“Your conspiracy theory seemed utterly stupid,” Herald Sun columnist Andrew Bolt told soon-to-be One Nation Senator for Queensland Malcolm Roberts in 2012.

Back then, Roberts was project leader for the Galileo Movement, a group that calls man-made induced climate change a “UN political fabrication” and a conspiracy involving the Bureau of Meteorology and the CSIRO, among other things. Bolt confronted Roberts after a Fairfax interview in which Roberts had claimed that climate change science had been “captured by some of the major banking families in the world” who form a “tight-knit cabal.”

Bolt had been listed as adviser to the Galileo Movement but demanded his name be removed from the website, as its wild speculation had veered into anti-Semitism. Bolt told Roberts:

“Two of the three most prominent and current banking families you’ve mentioned are Jewish, and the third is sometimes falsely assumed to be. Yes, this smacks too much of the Jewish world conspiracy theorising I’ve always loathed. Again, I insist: remove me from the list of people you claim are prepared to advise you.  I’ve never advised you, Malcolm, and would never want to. I am offended to be linked to you.”

Roberts appeared on Bolt’s radio show with Steve Price on 2GB last night where the issue was discussed. Bolt indicated that the issue of the banking families involved (including the Rothschilds) remains a sticking point for him, but said no one could deny that Roberts was well-researched on the issue of climate change. Roberts said that he didn’t think religion was connected to the climate change “corruption” but reiterated his theories about the international banks.

The Galileo Movement still boasts advisers of the usual cabal of climate change sceptics including Ian Plimer, David Flint and Lord Christopher Monckton. The movement’s patron is 2GB’s Alan Jones.
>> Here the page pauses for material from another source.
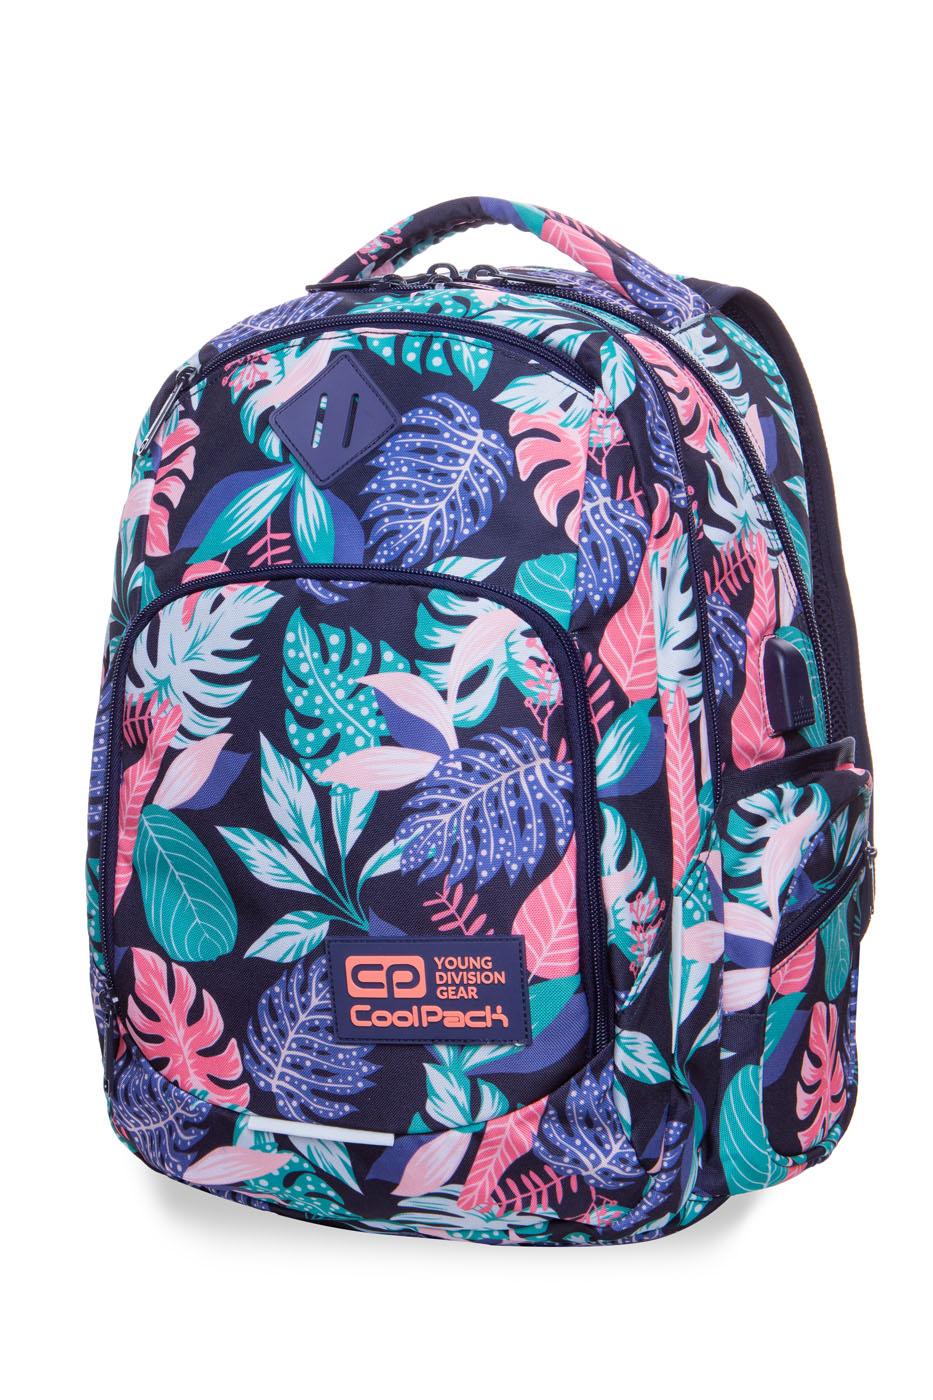 Coolpack   break  rygsæk   tropical mist

Now Roberts will be one of four One Nation senators sitting in the Senate when Parliament resumes later this month, a surprise addition to the expected three seats Pauline Hanson’s party picked up at the election.

Roberts also appears to have gone by the full name of “Malcolm-Ieuan: Roberts.”, which is an odd punctuation style used by a group of people who believe that government uses grammar to enslave its citizens. Interestingly, he doesn’t seem to think he alone should get all the colon fun — in a downright weird affidavit to Julia Gillard he addresses the prime minister as “The Woman, Julia-Eileen: Gillard.”.

Roberts has studied engineering and economics and has worked for coalface mining and in management consulting. His movement rose to prominence during the peak of the carbon tax debate in 2009-10, when Roberts said he wrote to every MP and senator demanding they back up their claims about climate change with scientific evidence. Roberts has a long history of writing to journalists and politicians about his views on climate change, demanding a response. In one response from The Sydney Morning Herald‘s then-environment editor Ben Cubby, Cubby indicated that Roberts had frequently written to him on the subject:

“As I’ve made clear in earlier replies to your many emails, I don’t mind a civil discussion about environment reporting or climate change. But until you start to ground your opinions in fact, I will continue to regard your correspondence as amusing spam.”

In a press conference Roberts held today in Brisbane, he reiterated many of his claims about climate change, as well as his call for an investigation into the CSIRO and the Bureau of Meteorology:

We need an investigation into the CSIRO and the Bureau of Meteorology based upon their comments and claims. There is not one piece of empirical evidence anywhere, anywhere, showing that humans cause, through carbon dioxide reduction.”

He also doubled down on his claims about the banks.

started finding out things about the CSIRO and Bureau of Meteorology. That led me then to the UN which has been driving this. Then I started following the money trails. It’s important to under the motives. The people who will benefit enormously from the climate scam are the major international banks through their carbon dioxide trading … Those banks will make enormous money, trillions, not millions, trillions on trading of credits on a program that does not exist.”

Roberts also said that he backs repealing 18(c) from the Racial Discrimination Act because it was “curbing free speech” on issues like “tax, Islam, terrorism, the economy”.

In his declaration of personal interests, Roberts says his daughter has a horse named Clancy that only eats “fuels from renewable sources.”

“He eats no oil, coal or natural gas! Clancy does fart a lot.”